Coor-Ascent (OpenMatch) 0.2969 0.1581 0.4340 0.1171 0.7041 0.7770

Contribution

Thanks to all the people who contributed to OpenMatch!

Kaitao Zhang, Si Sun, Zhenghao Liu, Aowei Lu

Project Organizers

  • Zhiyuan Liu
  • Chenyan Xiong
  • Maosong Sun

Citation

@inproceedings{openmatch,
  author = {Liu, Zhenghao and Zhang, Kaitao and Xiong, Chenyan and Liu, Zhiyuan and Sun, Maosong},
  title = {OpenMatch: An Open Source Library for Neu-IR Research},
  booktitle = {Proceedings of SIGIR},
  year = {2021},
  url = {https://doi.org/10.1145/3404835.3462789},
  pages = {2531–2535}
}
Owner
THUNLP
Natural Language Processing Lab at Tsinghua University
THUNLP
From a body shape, infer the anatomic skeleton.

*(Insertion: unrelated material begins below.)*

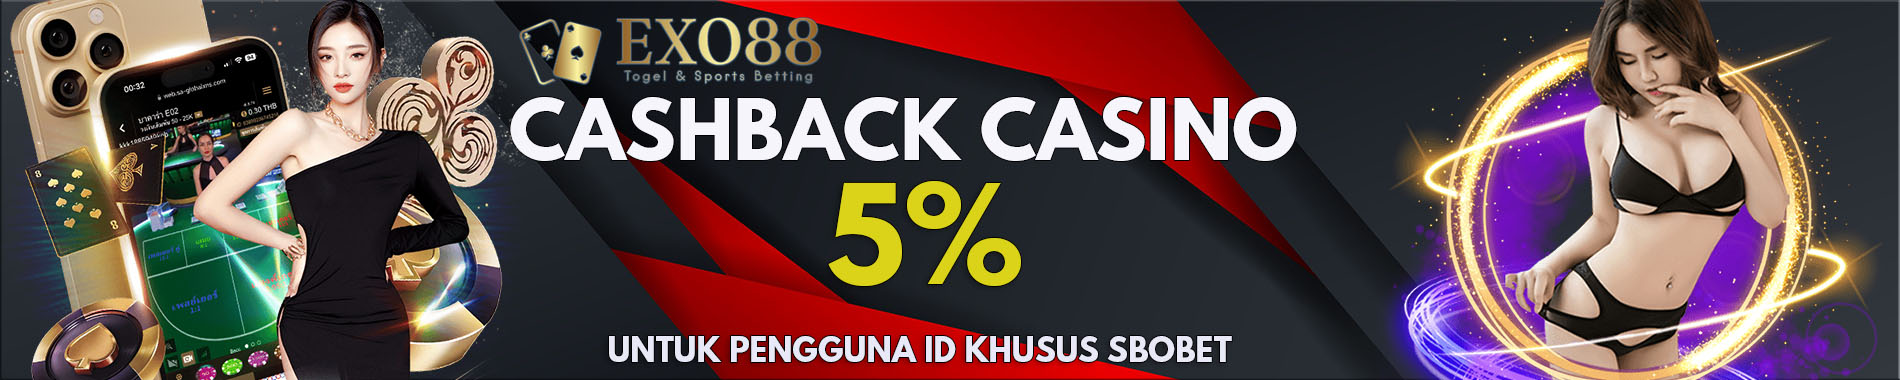 CASHBACK CASINO 5% KHUSUS SBOBET
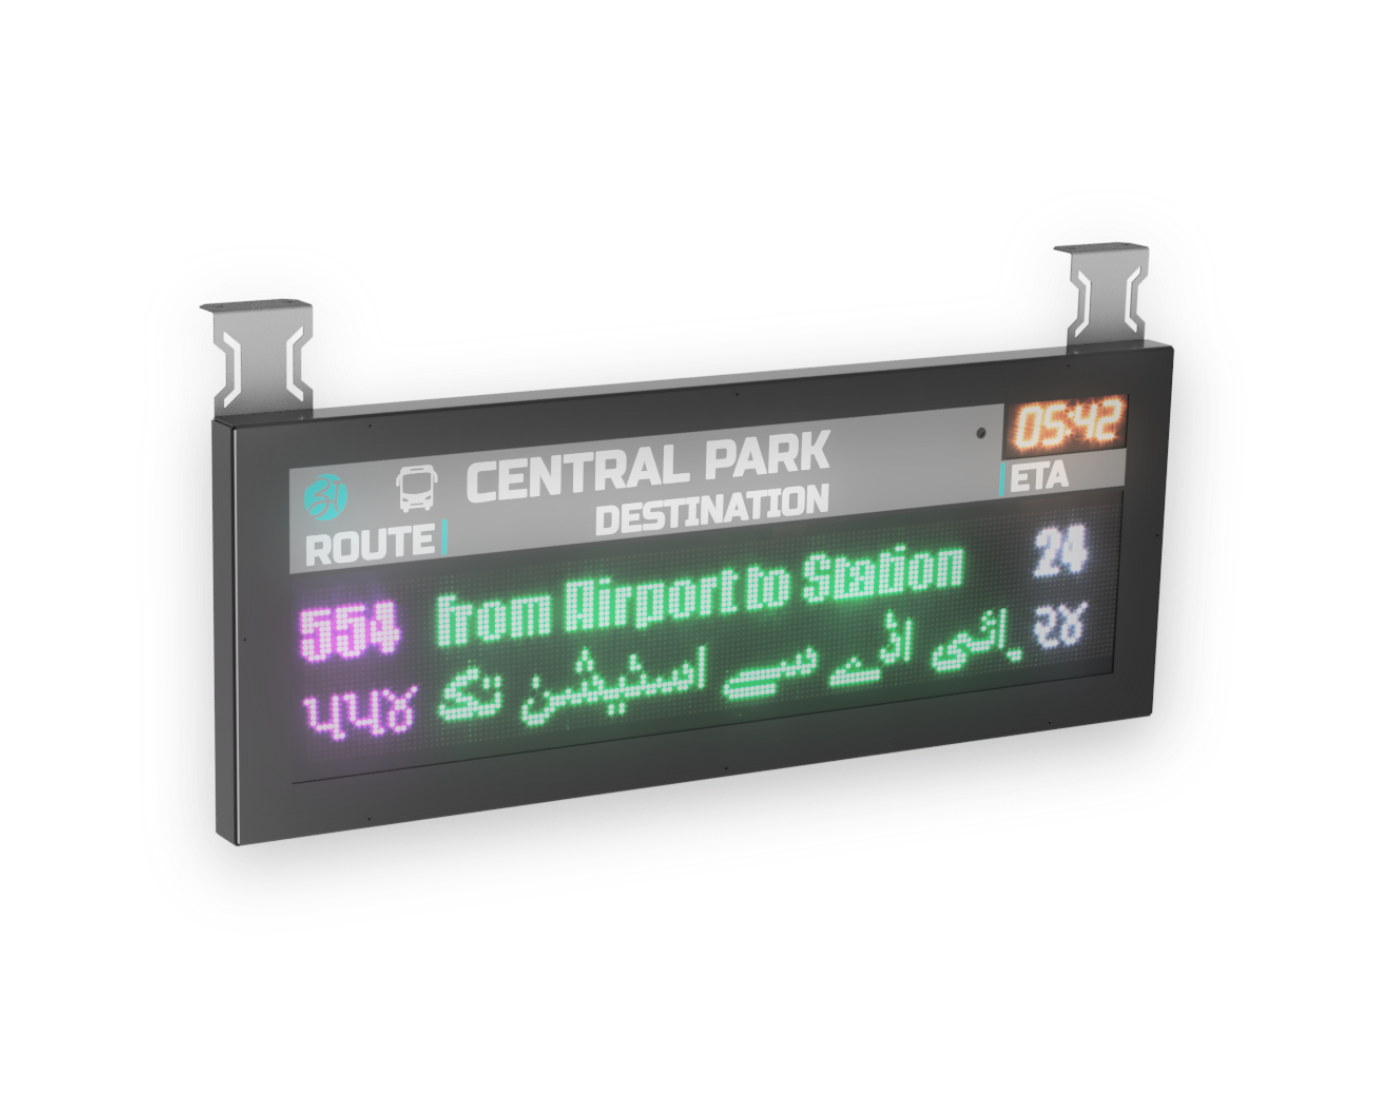 2 line Passenger Information Display APIS-160-2M

OSSO: Obtaining Skeletal Shape from Outside (CVPR 2022) This repository contains the official implementation of the skeleton inference from: OSSO: Obt

Marilyn Keller 166 Dec 28, 2022
[CVPR 2021] NormalFusion: Real-Time Acquisition of Surface Normals for High-Resolution RGB-D Scanning

NormalFusion: Real-Time Acquisition of Surface Normals for High-Resolution RGB-D Scanning Project Page | Paper | Supplemental material #1 | Supplement

KAIST VCLAB 49 Nov 24, 2022
Deep Surface Reconstruction from Point Clouds with Visibility Information

Data, code and pretrained models for the paper Deep Surface Reconstruction from Point Clouds with Visibility Information.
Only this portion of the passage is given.